Ian, of course, kept ‘glamorous' in his head for the statutory description of her, but she wasn't made-up now, and at some moments between the gushes of self-mockery she seemed almost haggard and resentful at being alive still, as if sure suicide would have been her grandest performance yet. He searched for resemblances to his father. Was there something about the slant of those light-blue eyes, and an unusual depth from the bottom of her nose to her top lip – supposed to be characteristic of a comedian? Well, Dad was one, but without knowing it. Daphne's tale about the boiling water had its giggle aspect, too – the daft unlikelihood.

She seemed to become unsettled by the thoroughness of his gaze, though someone with her attractions should have been used to men staring. ‘I look pretty rough, I expect,' she said.

‘I've enjoyed a lot of your stuff on television,' he said.

‘Oh?' She was thrilled and real pleasure sweetened her face, rather than the put-on, jolly, self-mocking chirpiness.

Ian said: ‘Look, I might get thrown out in a minute. Can we talk about – about the gas? What's your first memory after waking?'

‘My first memory? Oh, being slapped twice across the chops, to bring me round. And then the ambulance. Have you ever been carted off as an emergency in an ambulance?'

Yes, he'd been carted off as an emergency in an ambulance. And screaming for his mother. But this bedside meeting wasn't about him. He said, ‘A siren? Flashing blue light?'

‘
So
frightening, ambulances,' she said. ‘Those terrible bright red blankets, and the shine on all the metal gear.'

‘Is this stuff about the boiling water total garbage?' he replied. ‘Your flunkeys have been along and told you what to say?
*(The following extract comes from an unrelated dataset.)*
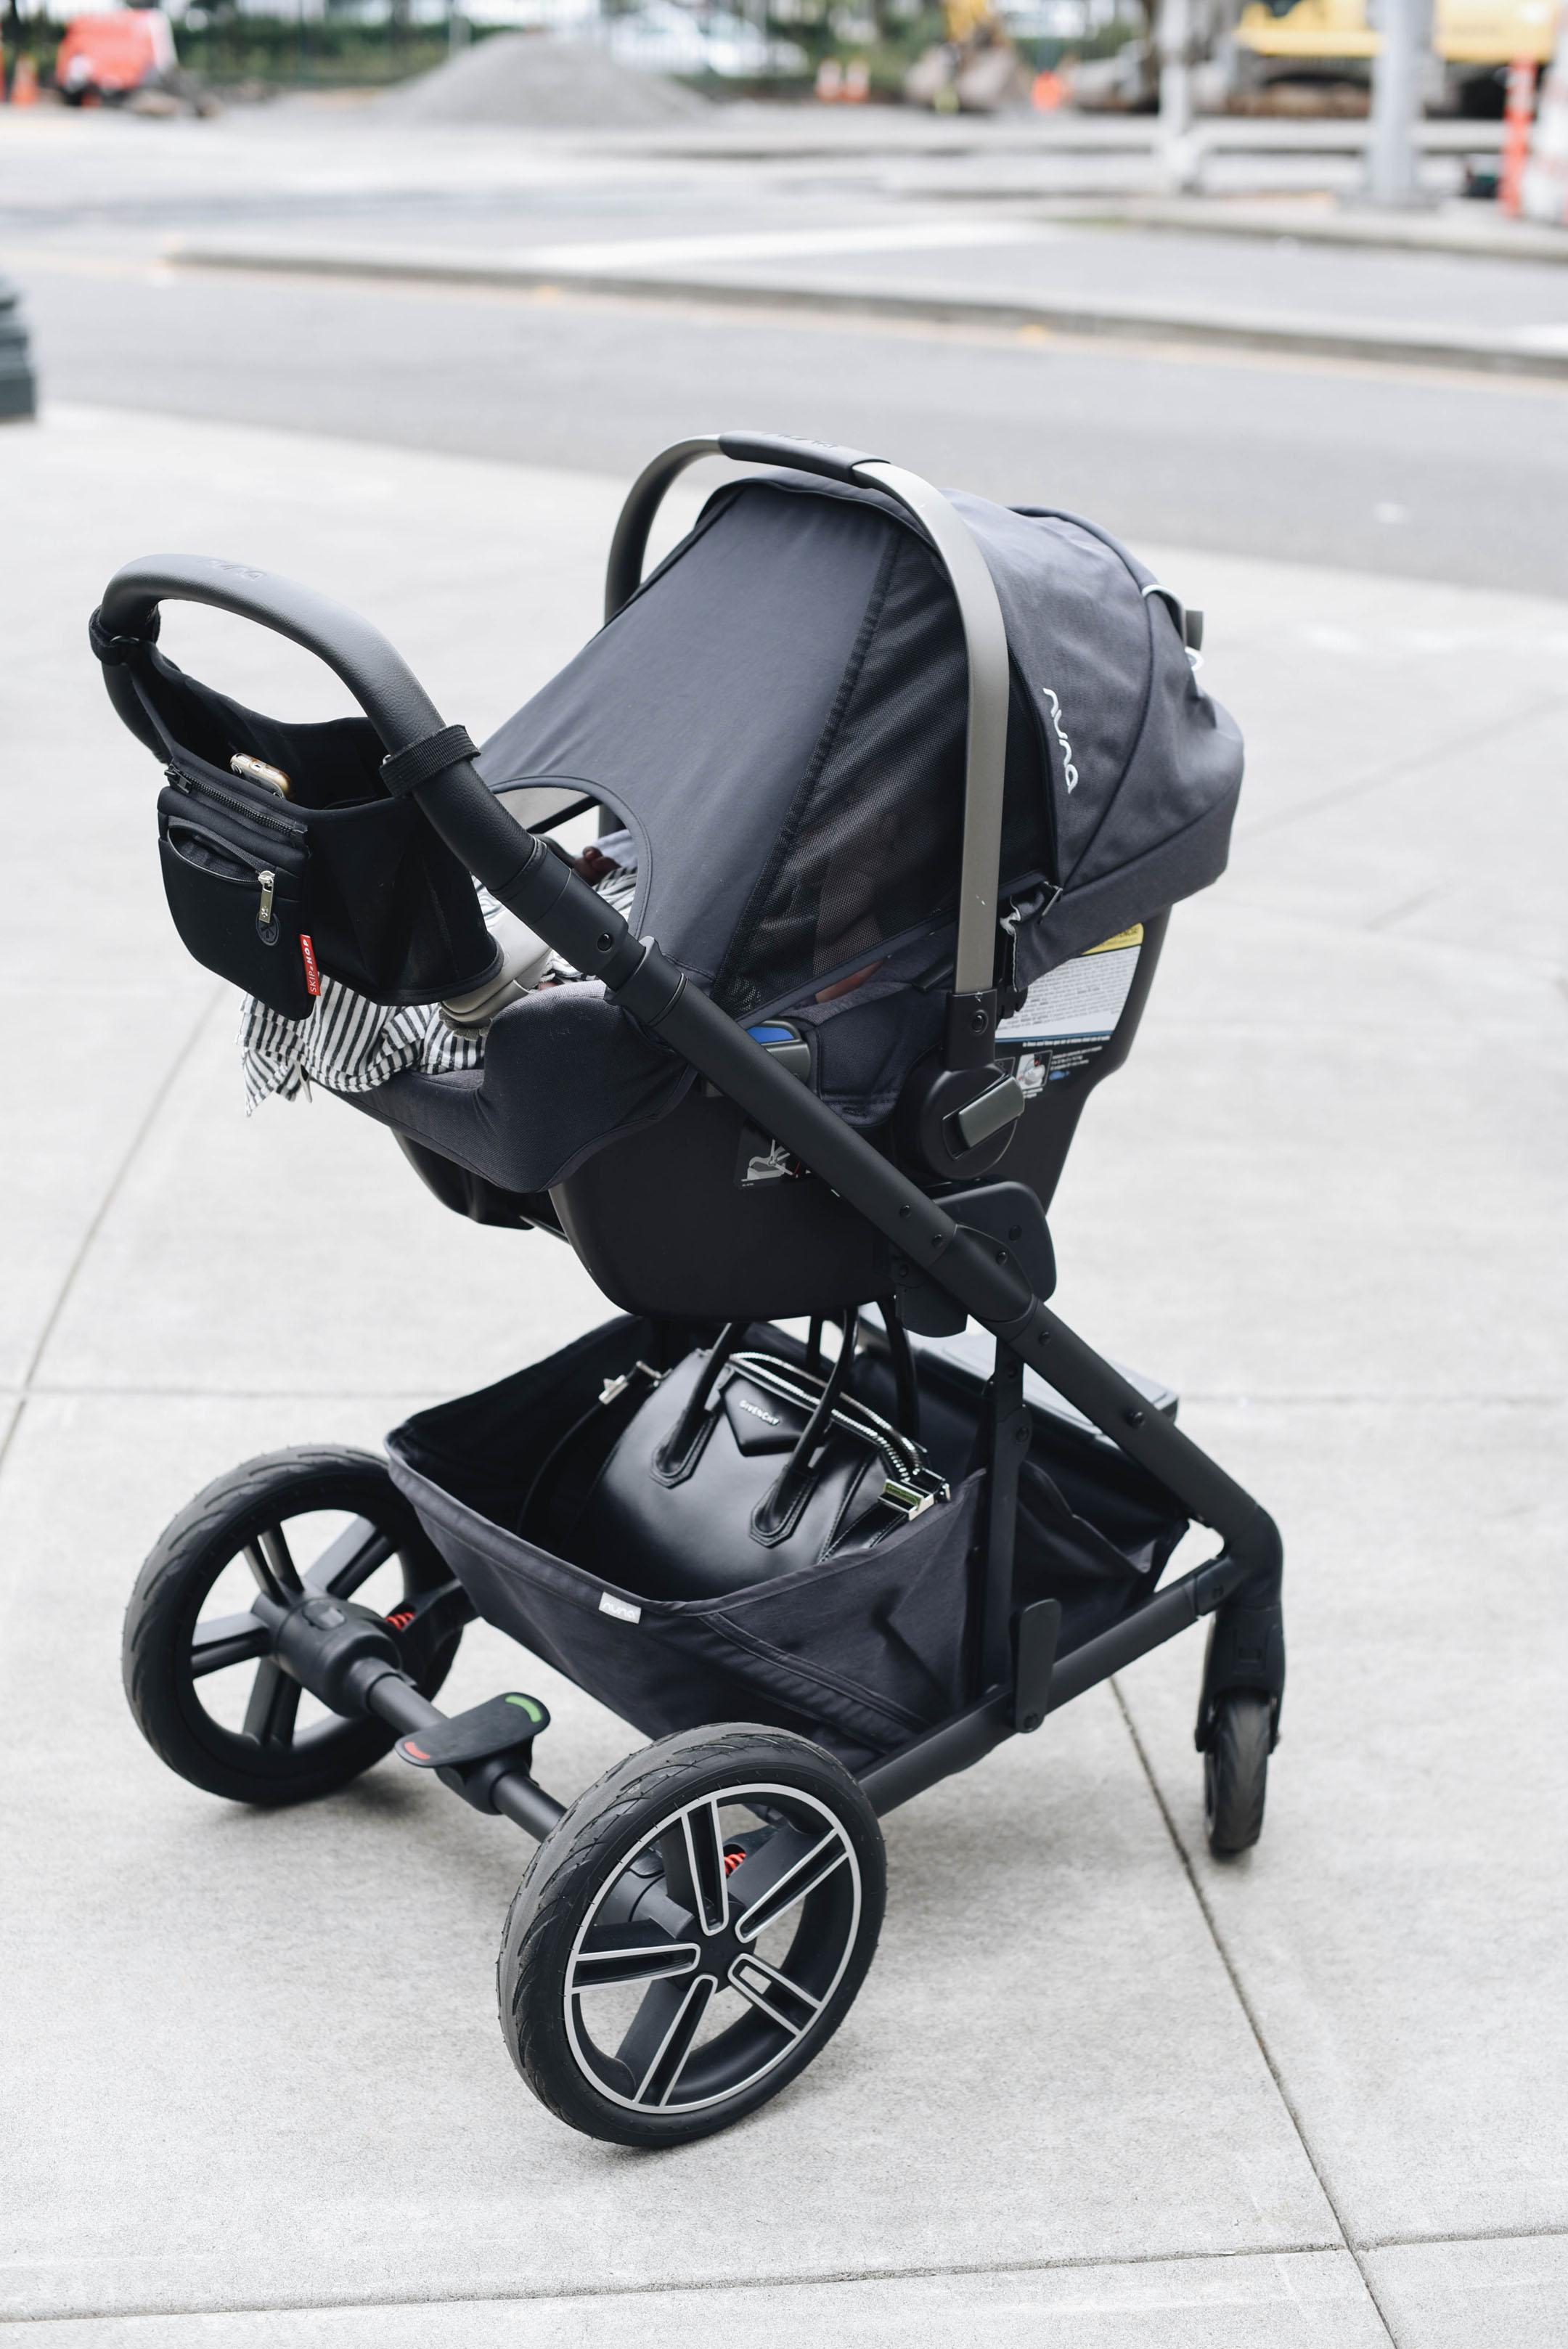 Nuna Mixx Stroller System Pipa Car Seat Set Review Crystalin Marie

They don't like “Star in suicide bid”? Not good for the image, is it? Not good for their percentage.'

‘Flunkeys?'

‘You're an investment. There'll be an organization behind you, won't there? A manager. An agent. An impresario. They have to look after their property – you.' Percy Lyall had spoken about Ian's empathy flair – spoken about it satirically, but with some truth there, too. Occasionally, though, in this game an amount of brutality – verbal brutality – had to take over: when time was short, for instance, and when you suspected you were being soft-soaped.

‘No, it isn't like that. Not at all,' she said. Her voice had weakened, though, as if she'd been knocked off-balance by what he said. She wouldn't have been able to get her lines to people in the back row of the stalls.

‘Is it a love affair? Something gone wrong between you and a man? Was it a serious relationship, at least from your point of view, and suddenly it's finished?'

She looked startled. ‘Why do you say that?' she said.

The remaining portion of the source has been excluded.